When the client performs VR electronic document interaction, according to text associated data associated with maintenance interaction, the associated article chapters are extracted from the file management server for information display, and meanwhile related article contents can be directly browsed.
Therefore, the invention solves the problem of low efficiency of searching by manpower when the interactive electronic manual stores a large amount of data files. And automatically completing the text information extraction of the article through a machine learning algorithm. The shortcomings of a single algorithm are remedied by a plurality of different algorithms.
Corresponding to the above method embodiment, the embodiment of the present invention further provides an electronic device, and an electronic device described below and an electronic manual processing method described above may be referred to correspondingly.
Referring to fig. 4, the electronic device includes:
a memory 332 for storing a computer program;
A processor 322 for implementing the steps of the electronic manual processing method of the above-described method embodiment when executing the computer program.
Specifically, referring to fig. 5, fig. 5 is a schematic diagram of a specific structure of an electronic device according to the present embodiment, where the electronic device may have a relatively large difference due to different configurations or performances, and may include one or more processors (central processing units, CPU) (e.g., one or more processors) and a memory 332, where the memory 332 stores one or more computer programs 342 or data 344. Wherein the memory 332 may be transient storage or persistent storage. The program stored in memory 332 may include one or more modules (not shown), each of which may include a series of instruction operations in the data processing apparatus. Still further, the processor 322 may be configured to communicate with the memory 332 and execute a series of instruction operations in the memory 332 on the electronic device 301.
The electronic device 301 may also include one or more power supplies 326, one or more wired or wireless network interfaces 350, one or more input/output interfaces 358, and/or one or more operating systems 341.
The steps in the electronic manual processing method described above may be implemented by the structure of the electronic device.
Corresponding to the above method embodiments, the embodiments of the present invention further provide a readable storage medium, where a readable storage medium described below and an electronic manual processing method described above may be referred to correspondingly.

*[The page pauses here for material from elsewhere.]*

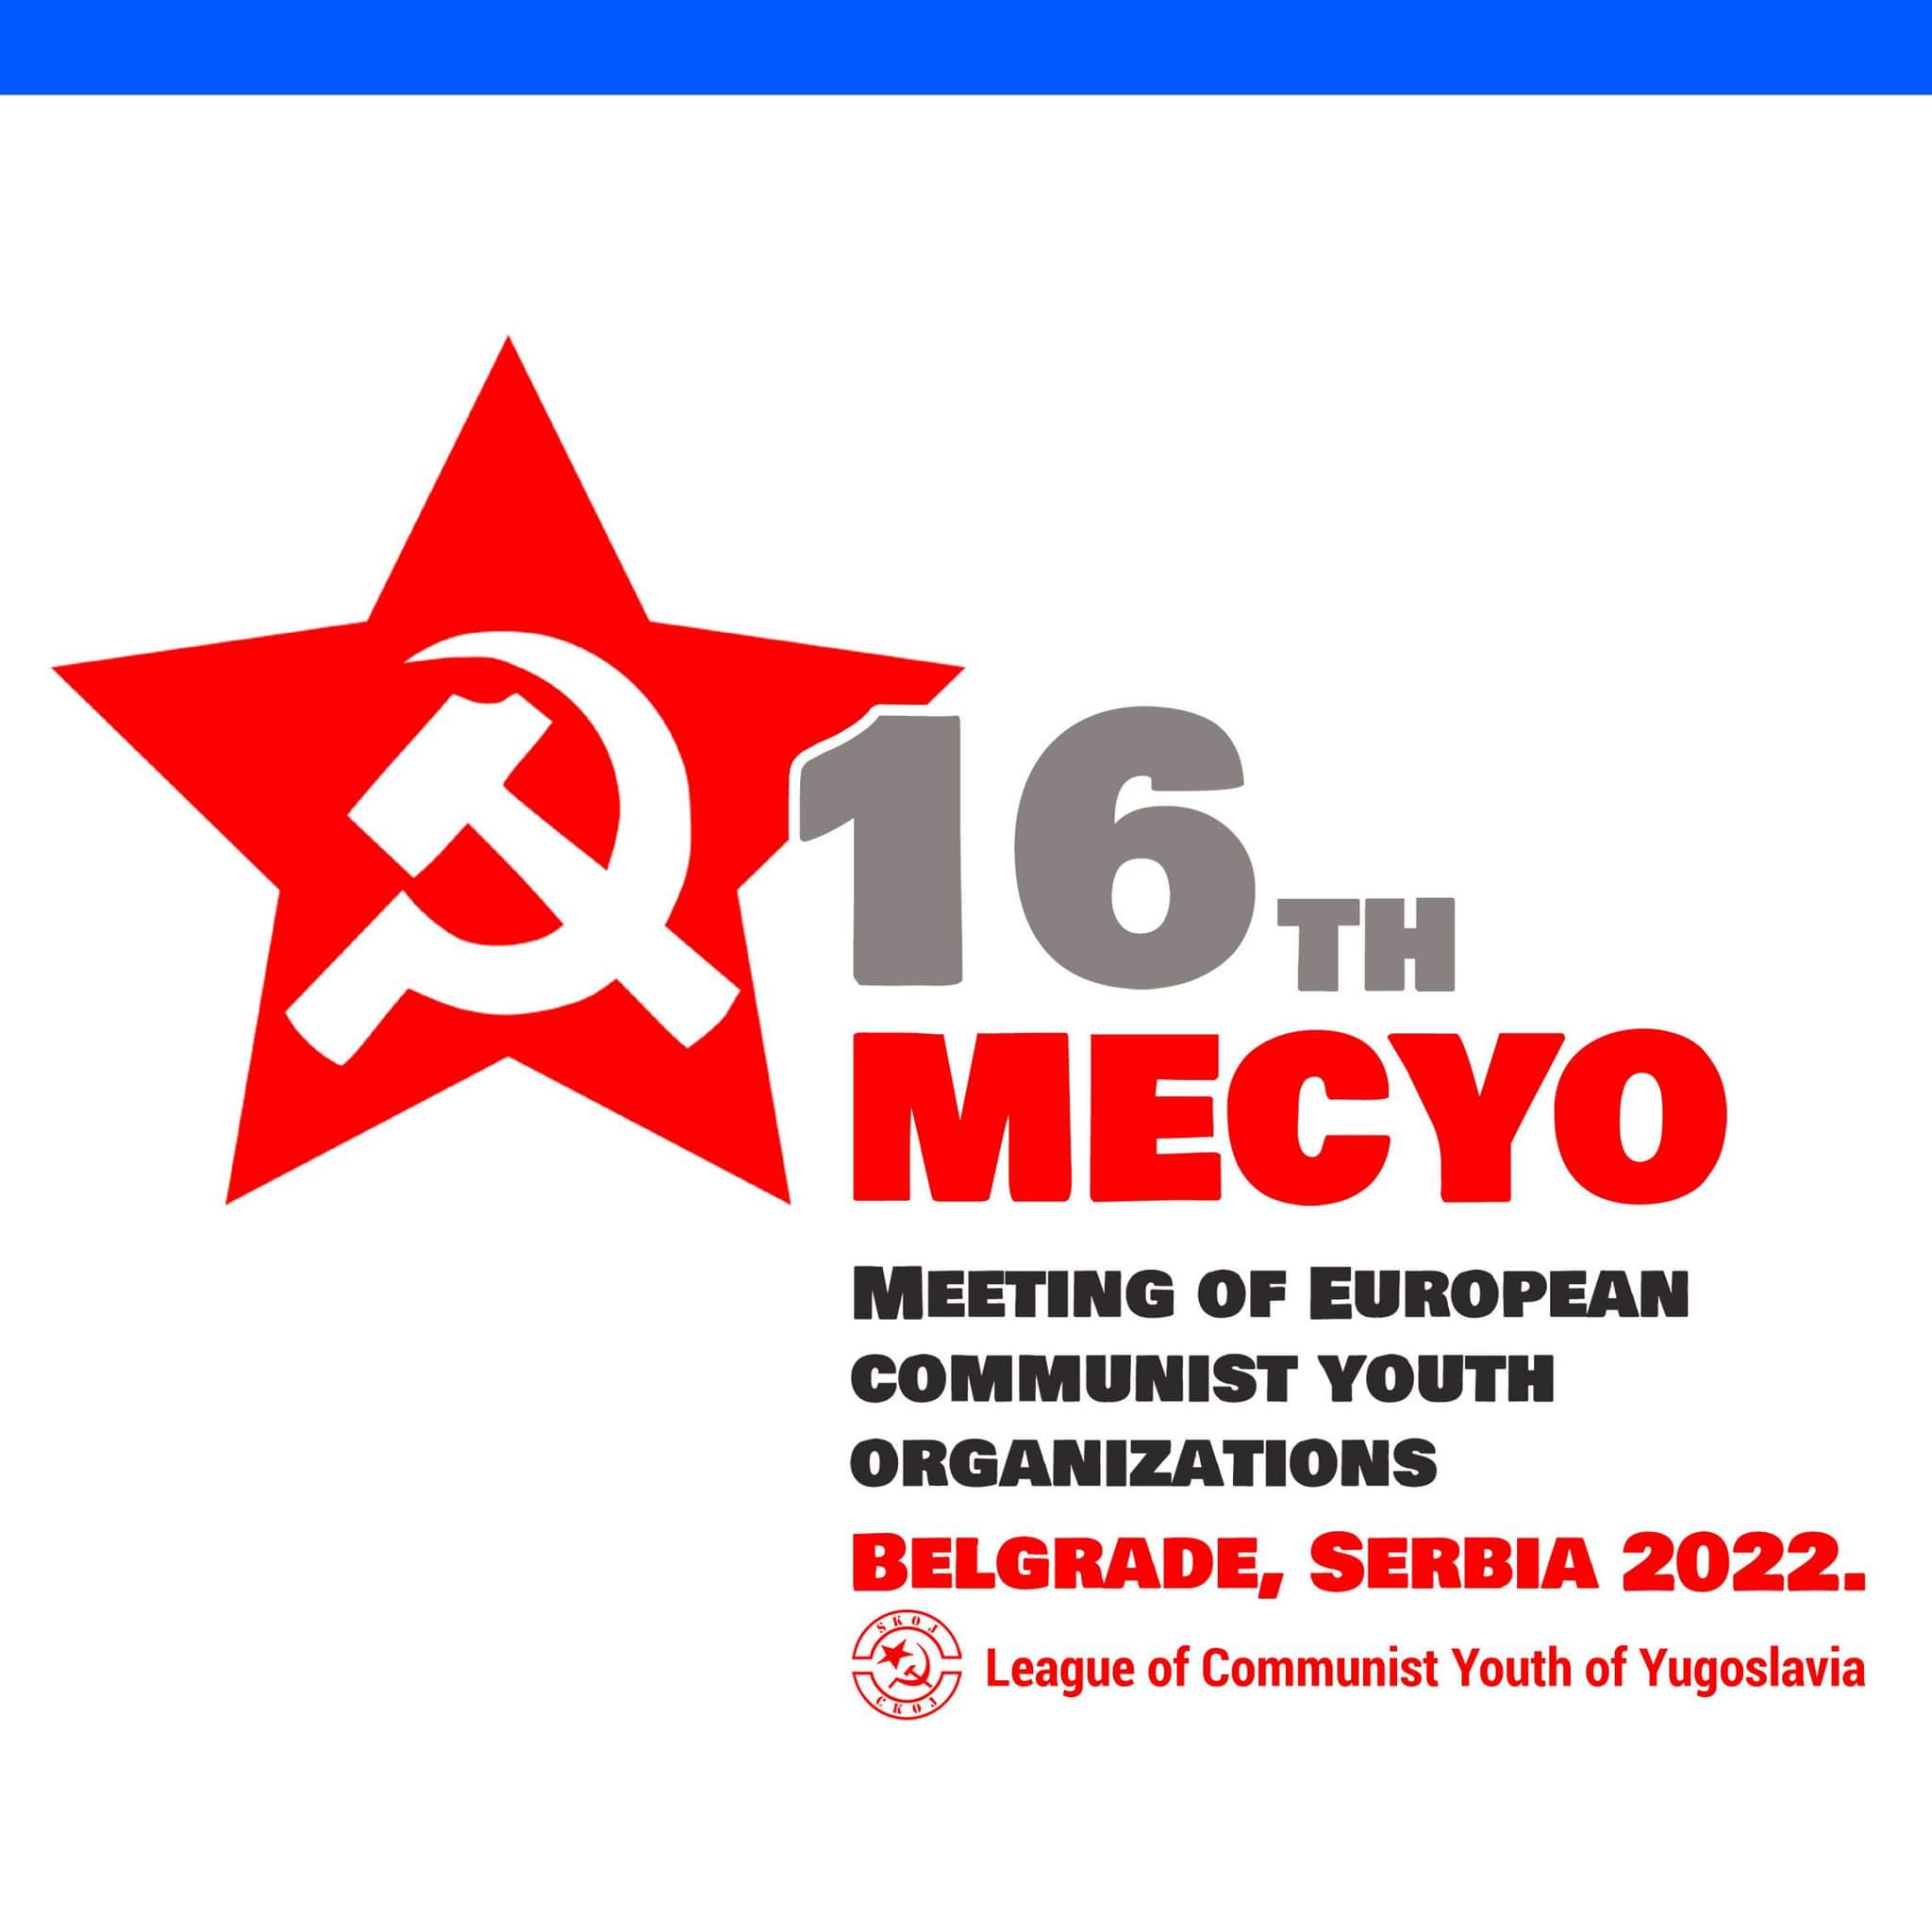 Κοινή Ανακοίνωση Κομμουνιστικών Νεολαιών μετά τη 16 Συνάντηση Ευρωπαϊκών Κομμουνιστικών Οργανώσεων Νεολαίας (ΣΕΚΟΝ)

A readable storage medium having stored thereon a computer program which, when executed by a processor, implements the steps of the electronic manual processing method of the above method embodiment.
The readable storage medium may be a usb disk, a removable hard disk, a Read-Only Memory (ROM), a random access Memory (Random Access Memory, RAM), a magnetic disk, or an optical disk, which may store various program codes.
In this specification, each embodiment is described in a progressive manner, and each embodiment is mainly described in a different point from other embodiments, so that the same or similar parts between the embodiments are referred to each other. For the system disclosed in the embodiment, since it corresponds to the method disclosed in the embodiment, the description is relatively simple, and the relevant points refer to the description of the method section.